The “citizen-soldier” knew no more about “dressing the line,” than about dressing himself, and the front of his company presented as many inequalities as a “worm-fence.” Tall men and short men—beaver hats and raccoon-skin caps—rusty firelocks and long corn-stalks—stiff brogans and naked feet—composed the grand display. There were as many officers as men, and each was continually commanding and instructing his neighbor, but never thinking of himself. At the command “Right dress!” (when the officer par excellence knew enough to deliver it) some looked right, others left—some thrust their heads out before—some leaned back to get a glimpse behind—and the whole line waved like a streamer in the wind. “Silence in line!” produced a greater clamor than ever, for each repeated the command to every other, sending the order along the ranks like a rolling fire, and not unfrequently enforcing it with the push of a corn-stalk, or a vigorous elbow-hint.

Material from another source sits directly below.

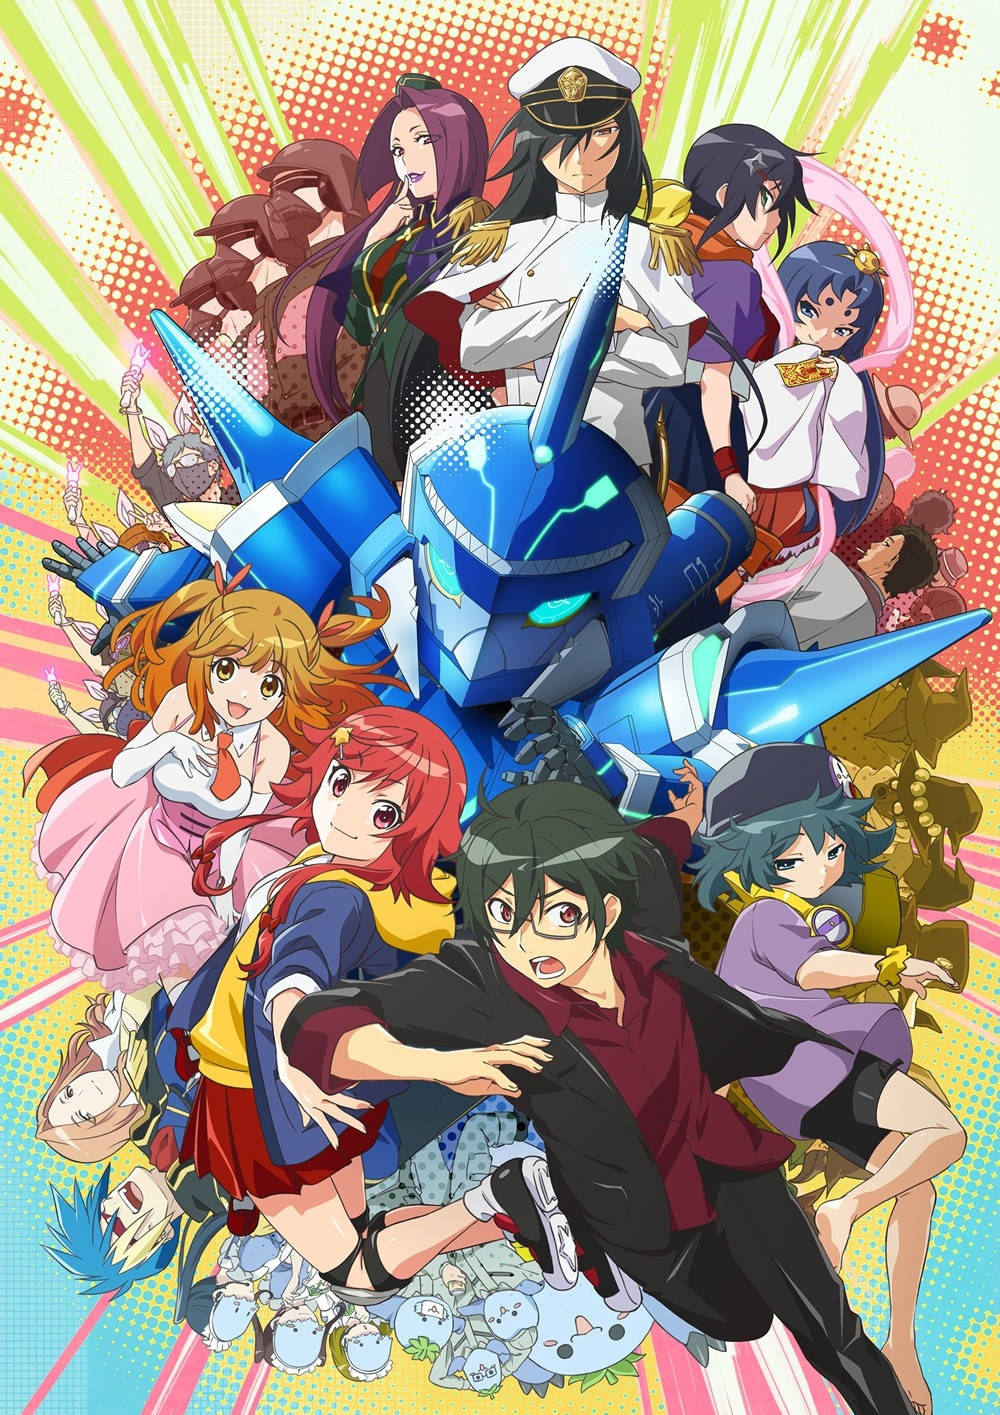 El anime original Gyakuten Sekai no Denchi Shoujo revela un nuevo video promocional

When a movement was directed, the order reached the men successively, by the same process of repetition—so that while some files were walking slowly, and looking back to beckon on their lagging fellow-soldiers, others were forced to a quick run to regain their places, and the scramble often continued many minutes after the word “halt!” The longer the parade lasted, the worse was the drill; and after a tedious day's “muster,” each man knew less, if possible, of military tactics, than he did in the morning.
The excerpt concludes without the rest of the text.